- The Japanese Association of Rehabilitation Medicine
- Progress in Rehabilitation Medicine (ISSN:24321354)
- vol.7, pp.20220025, 2022 (Released:2022-05-14)
Pharmacotherapy is important in older patients undergoing rehabilitation because such patients, especially those with frailty and physical disabilities, are susceptible to drug-related functional impairment. Drug-related problems include polypharmacy, potentially inappropriate medications (PIMs), and potential prescription omissions. These problems are associated with adverse drug events such as dysphagia, depression, drowsiness, falls and fractures, incontinence, decreased appetite, and Parkinson’s syndrome, leading to impaired improvement in activities of daily living (ADL), quality of life (QOL), and nutritional status. Moreover, the anticholinergic burden is associated with impaired physical and cognitive functions. Therefore, pharmacist-centered multidisciplinary pharmacotherapy should be performed to maximize rehabilitation outcomes.

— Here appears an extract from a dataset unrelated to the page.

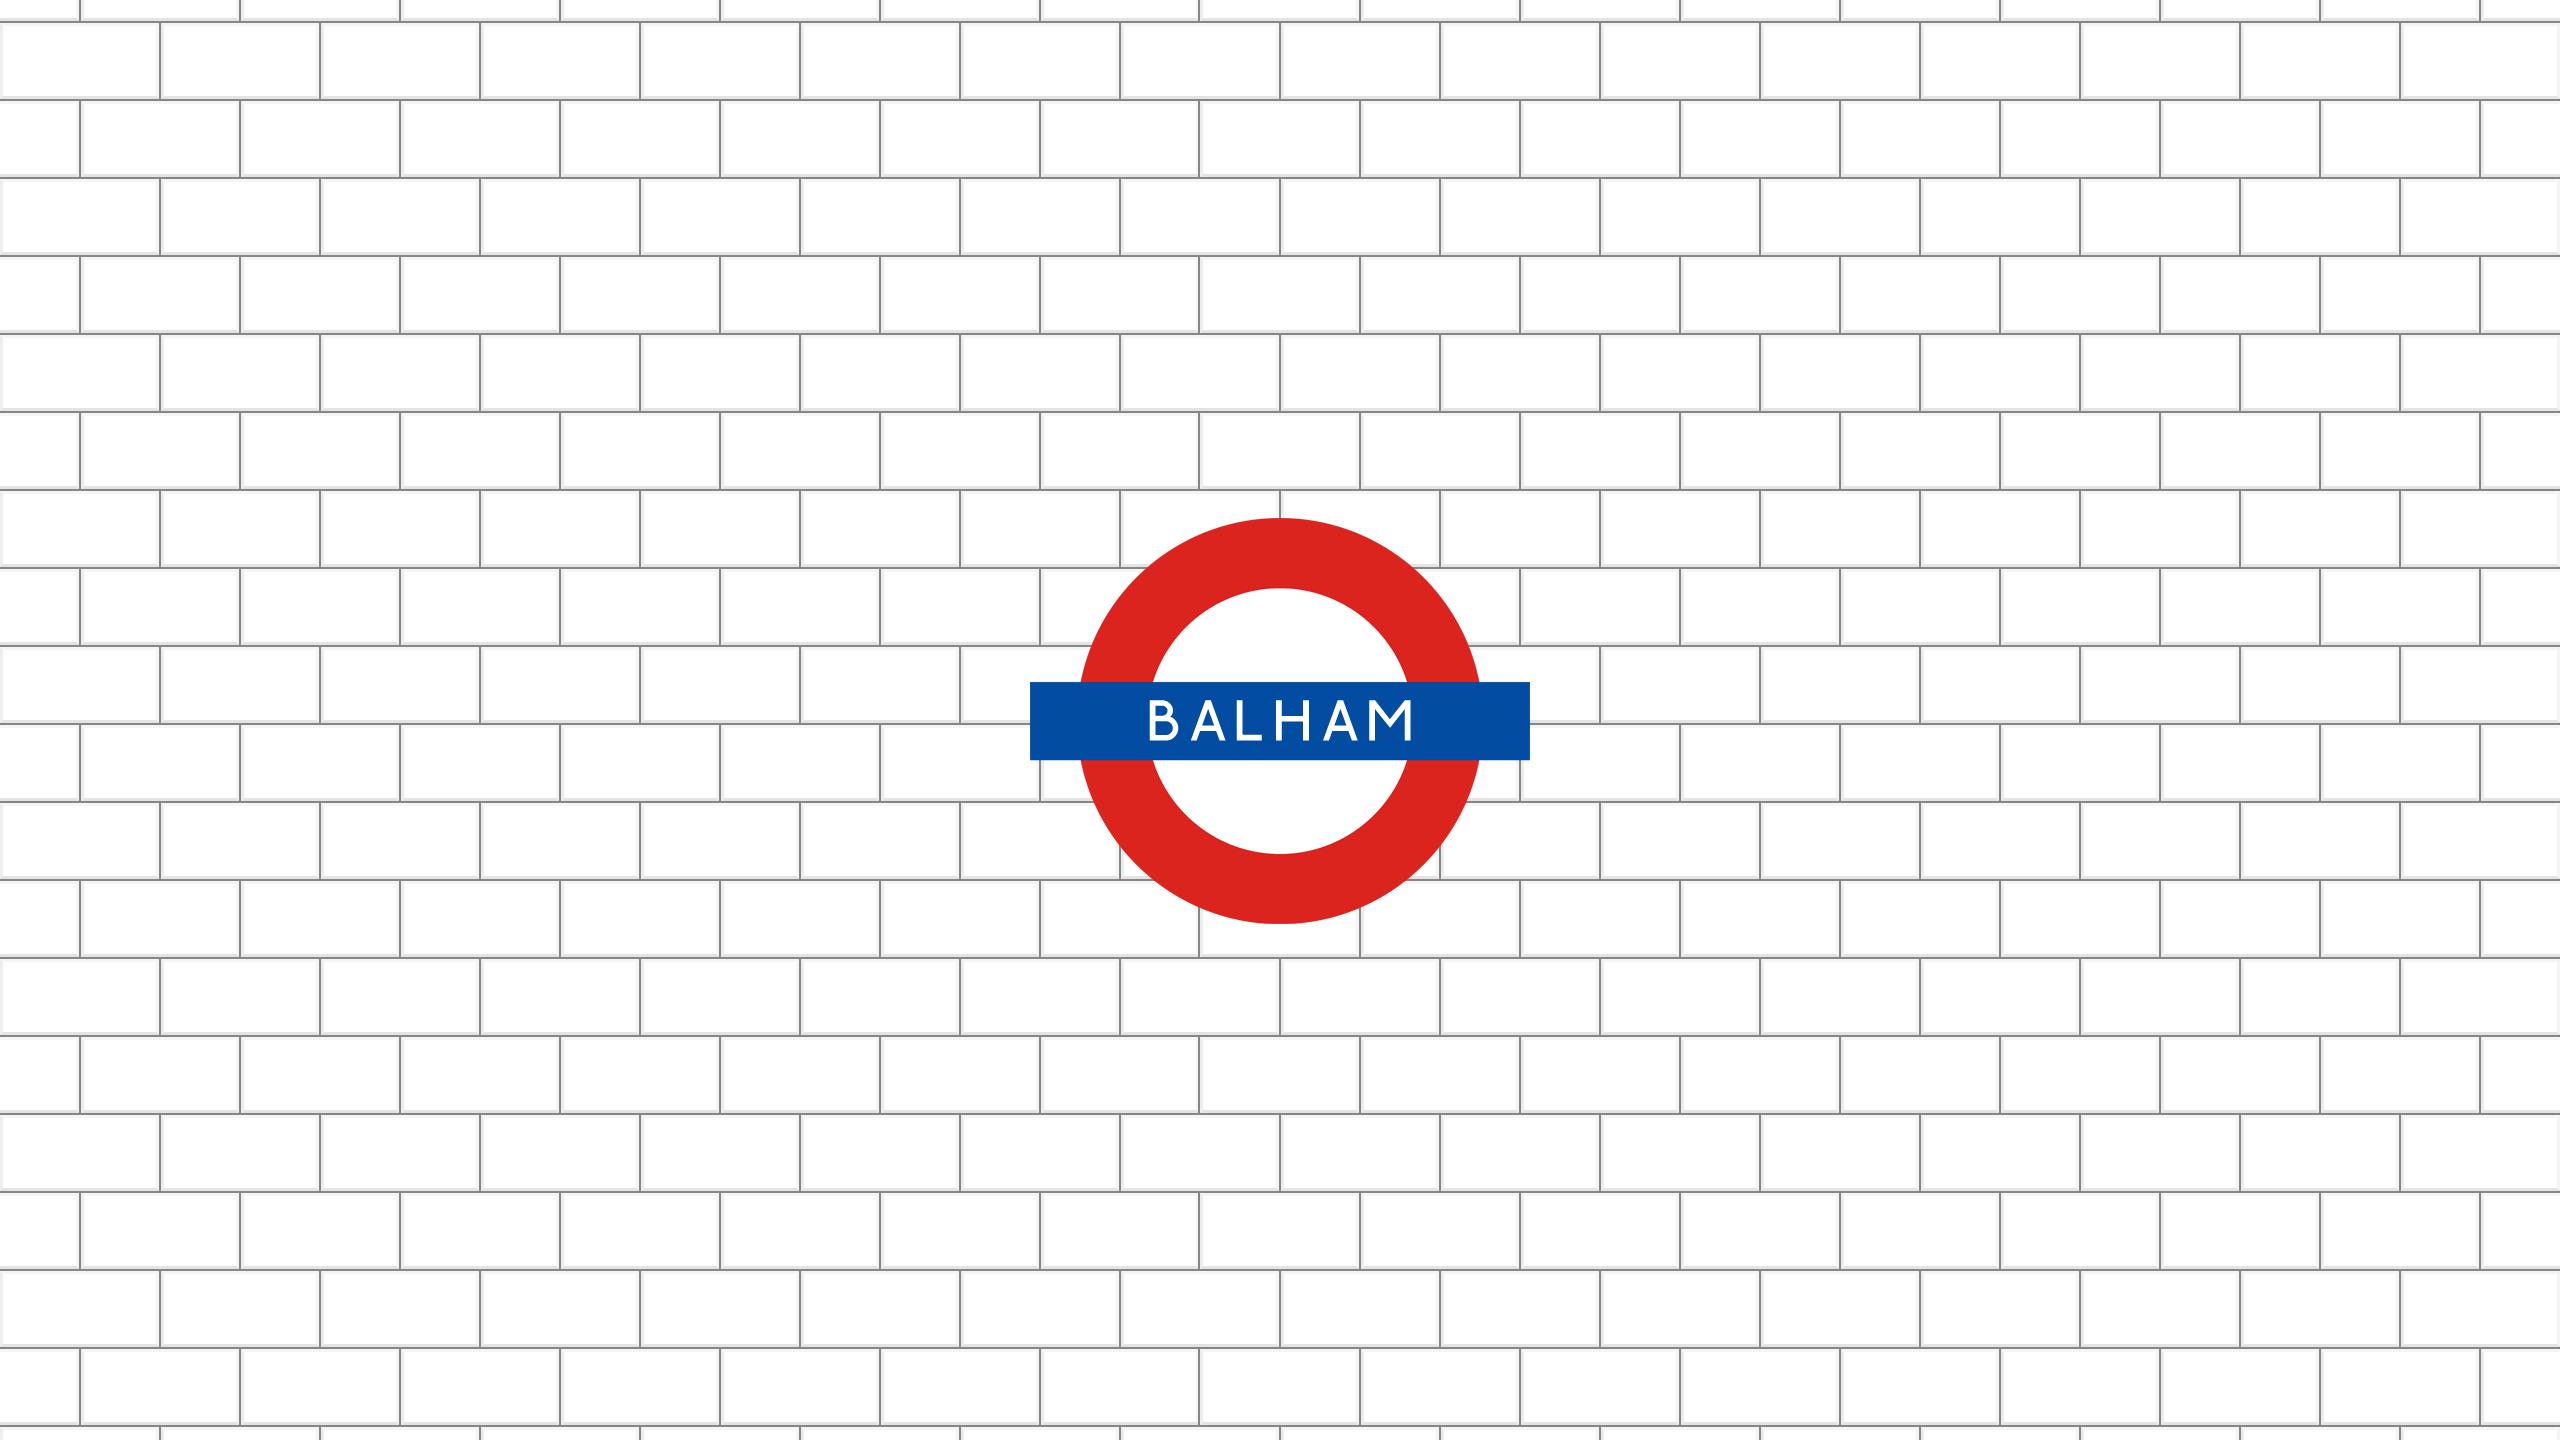 Balham

Pharmacotherapy includes a review of all medications, the assessment of drug-related problems, goal setting, correction of polypharmacy and PIMs, monitoring of drug prescriptions, and reassessment of drug-related problems. The goal of pharmacotherapy in rehabilitation medicine is to optimize drug prescribing and to maximize the improvement of ADL and QOL as patient outcomes. The role of pharmacists during rehabilitation is to treat patients as part of multidisciplinary teams and as key members of nutritional support teams. In this review, we aim to highlight existing evidence regarding pharmacotherapy in older adults, including drug-related functional impairment and the association between pharmacotherapy and functional, cognitive, and nutritional outcomes among patients undergoing rehabilitation. In addition, we highlight the important role of pharmacists in maximizing improvements in rehabilitation outcomes and minimizing drug-related adverse effects.